### ACTIVITY
The required output is the exact run of lines from the one that contains "MBB BK 117B-2" to the end of the data, with every picture left out.

### DATA PROVIDED

※

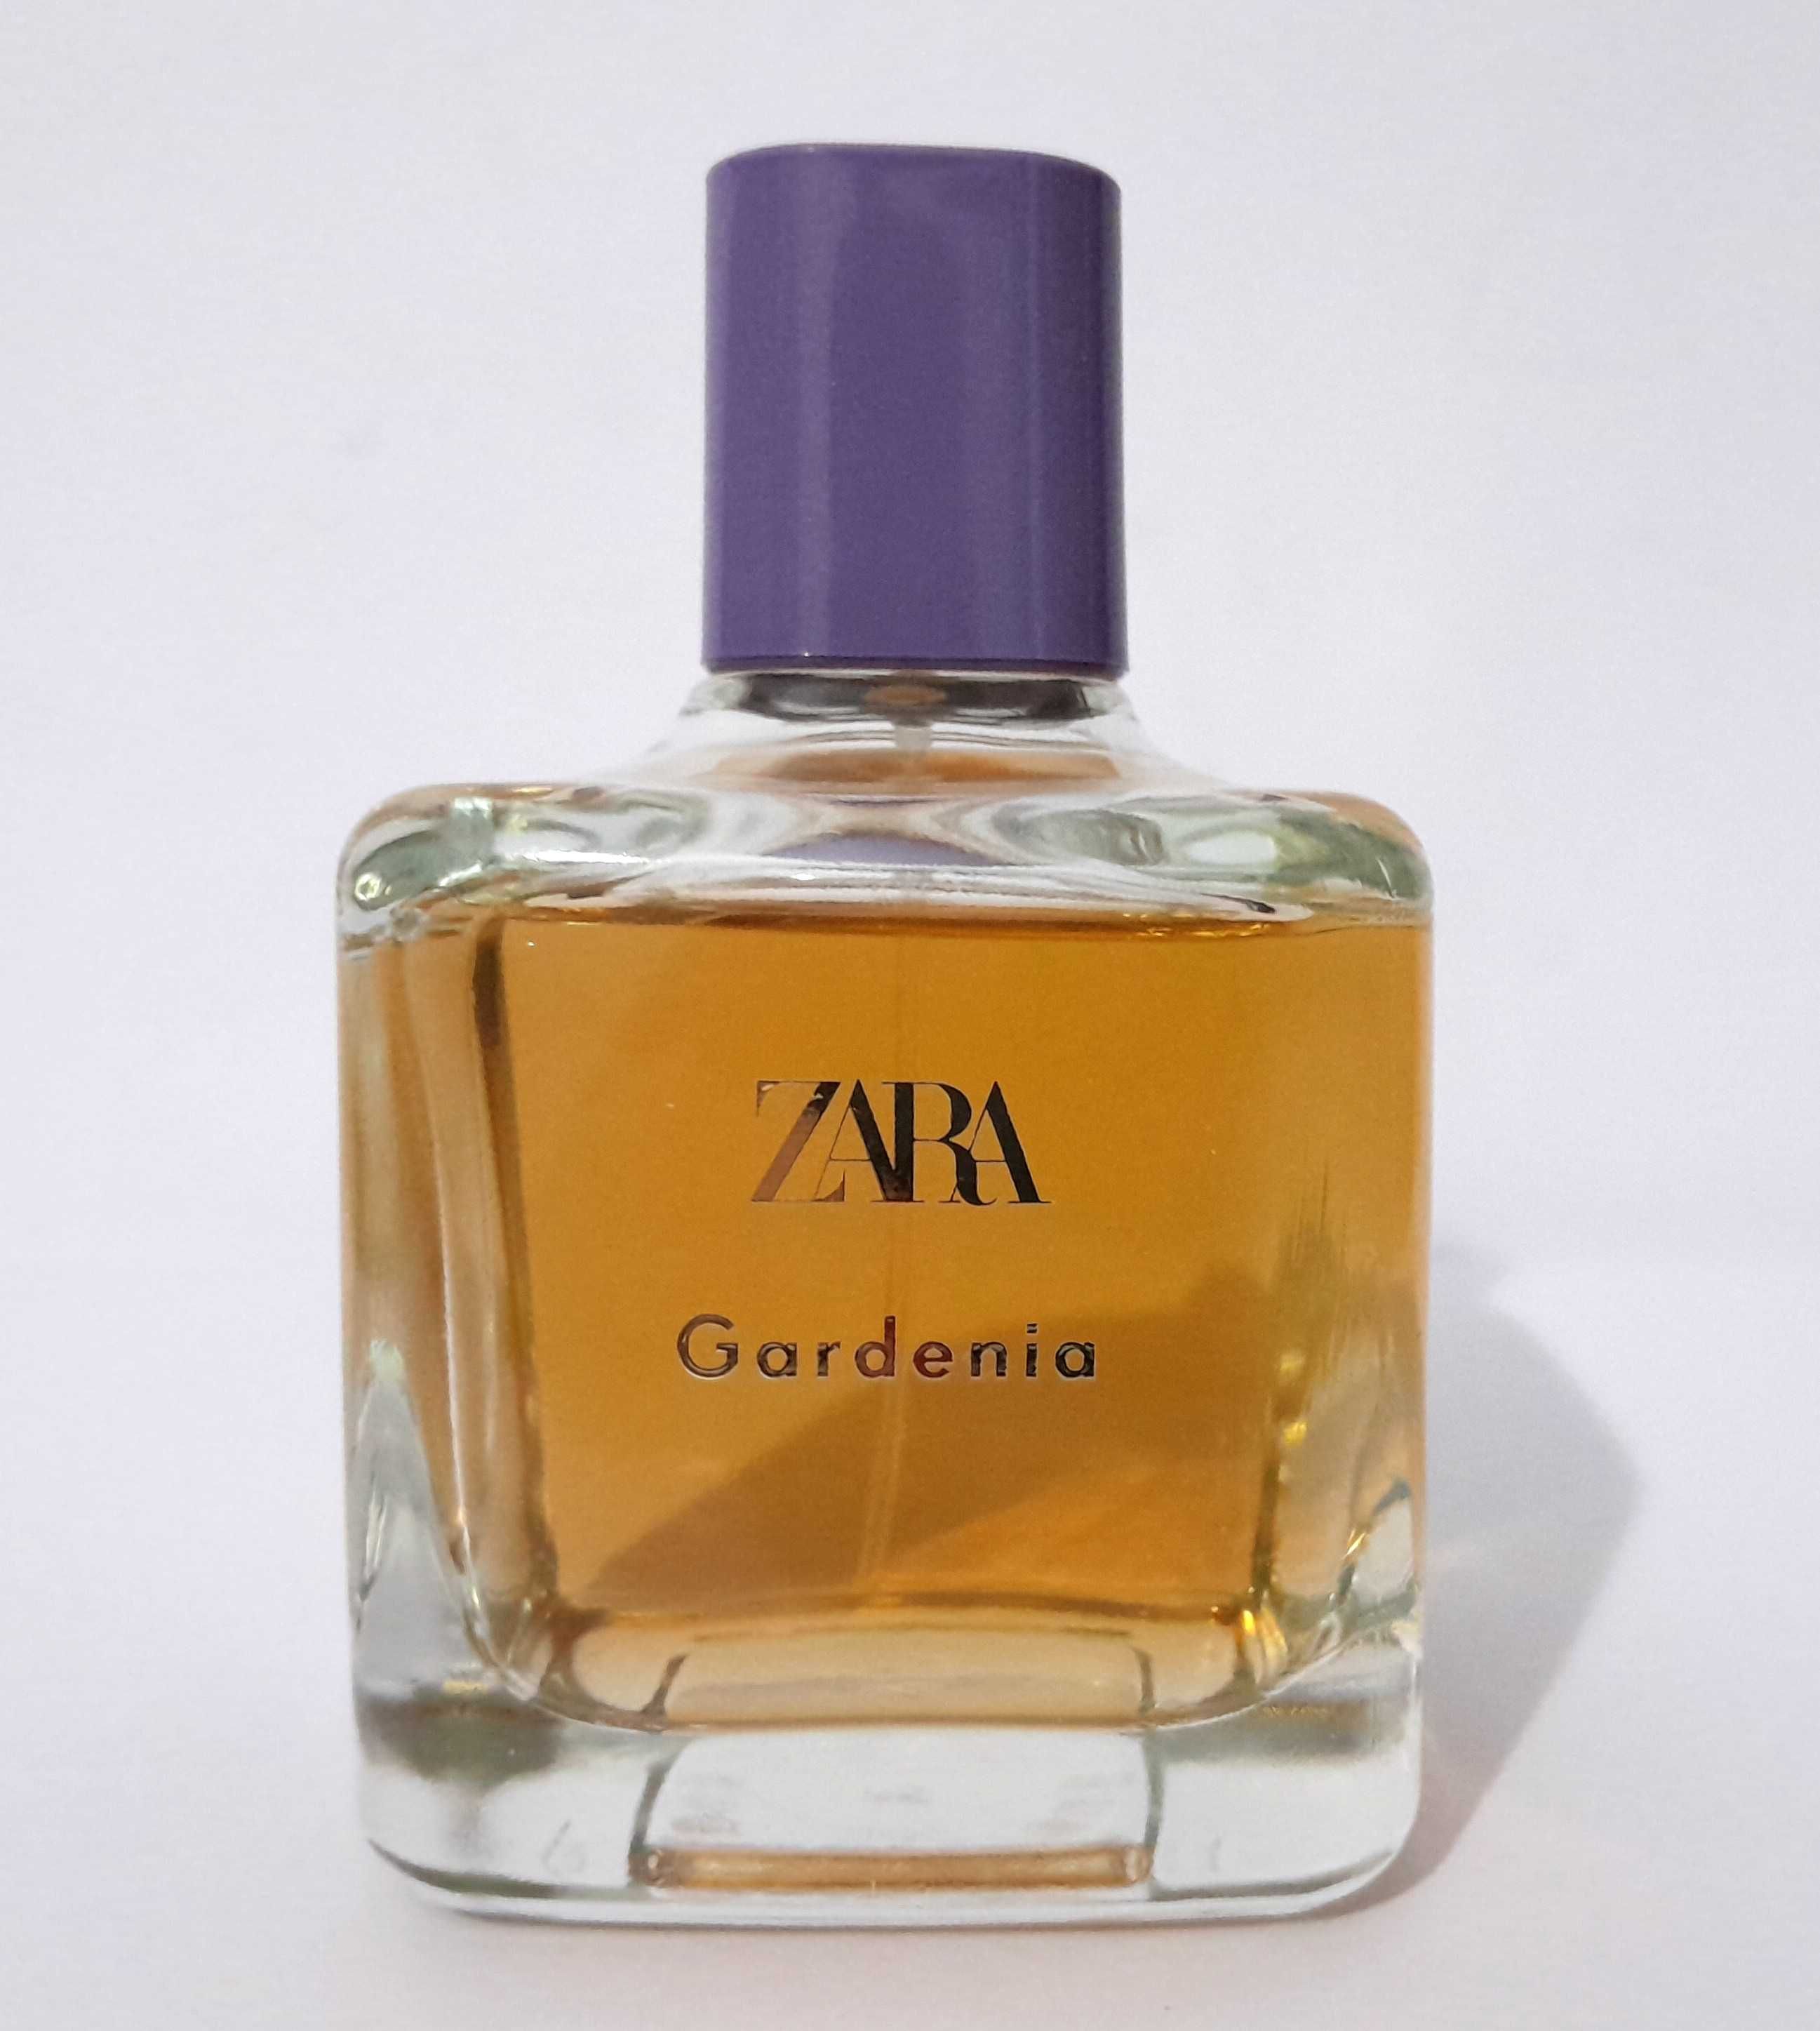 Perfume Zara Gardenia 100ml para senhora
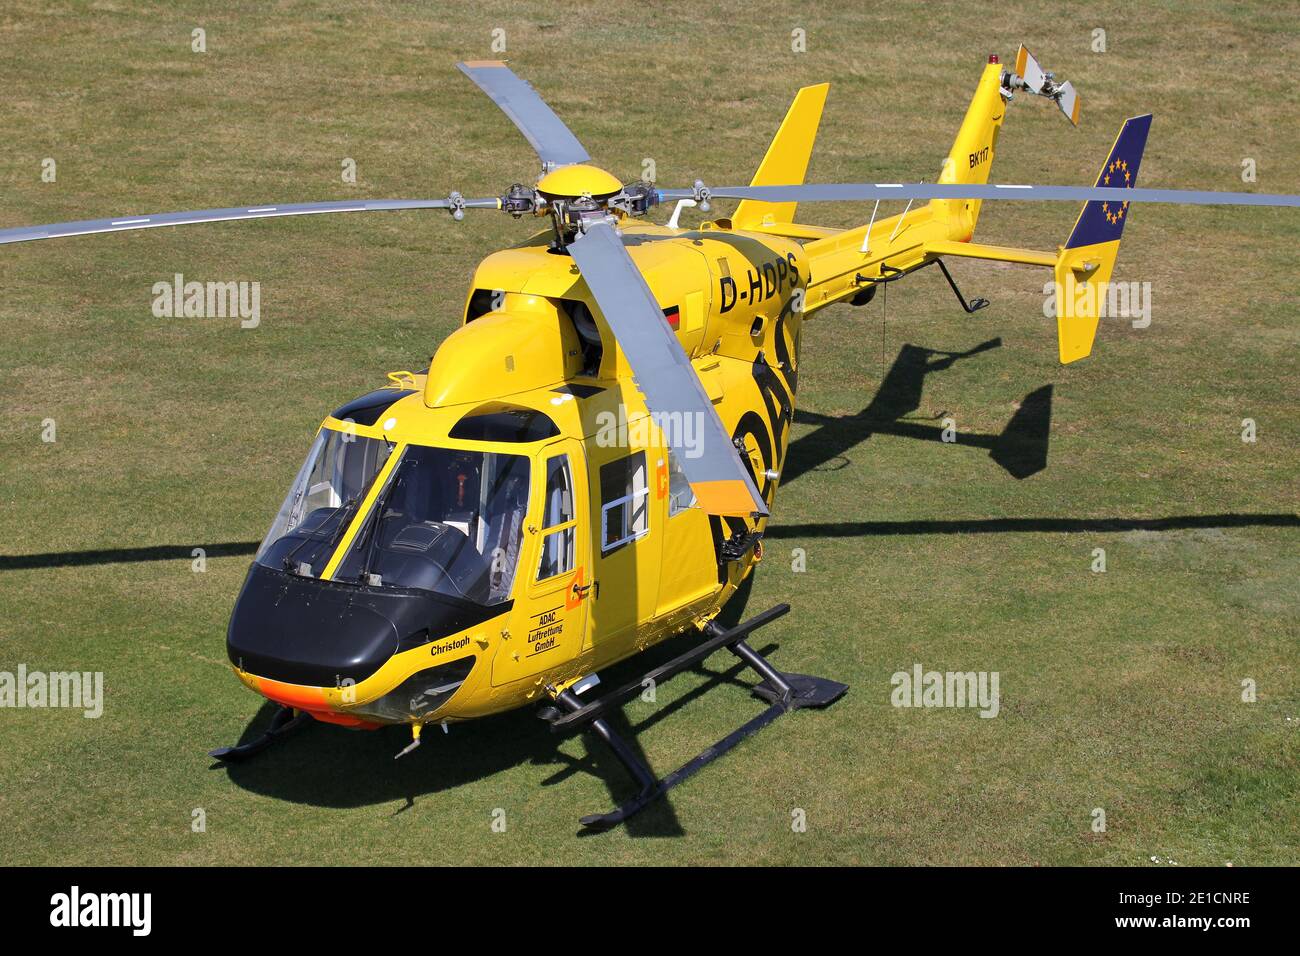 MBB BK 117B-2 hélicoptère de sauvetage ADAC Luftrettung avec enregistrement D-HDPS à l'aéroport de Bonn Hangelar. Banque D'Images
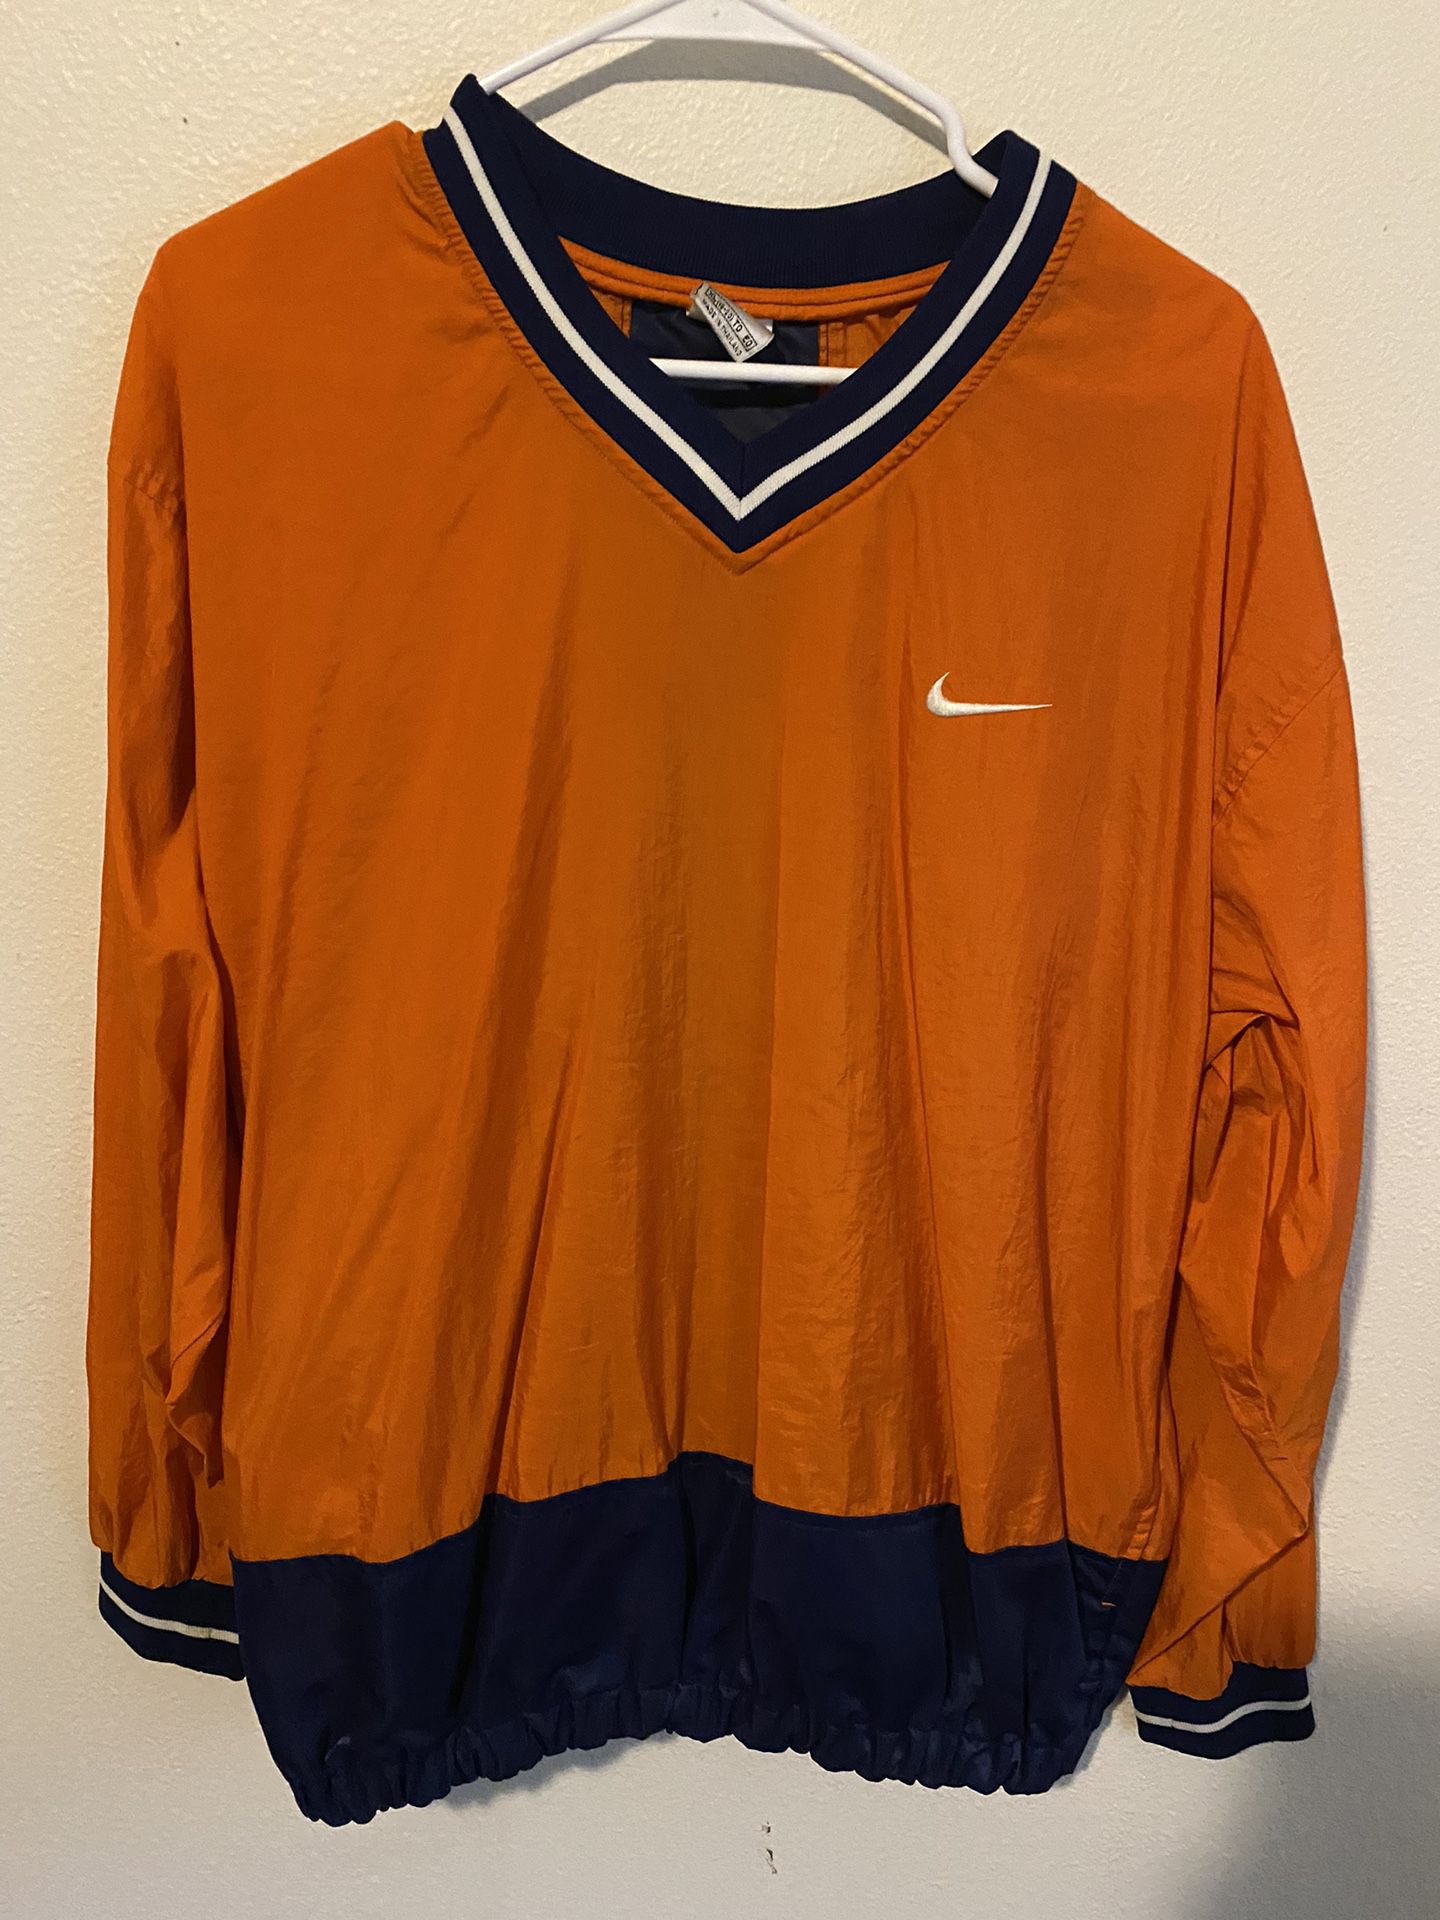 Orange Nike xl long sleeve rain jacket

※

### ANSWER TO THIS PROBLEM
 MBB BK 117B-2 hélicoptère de sauvetage ADAC Luftrettung avec enregistrement D-HDPS à l'aéroport de Bonn Hangelar. Banque D'Images
 Orange Nike xl long sleeve rain jacket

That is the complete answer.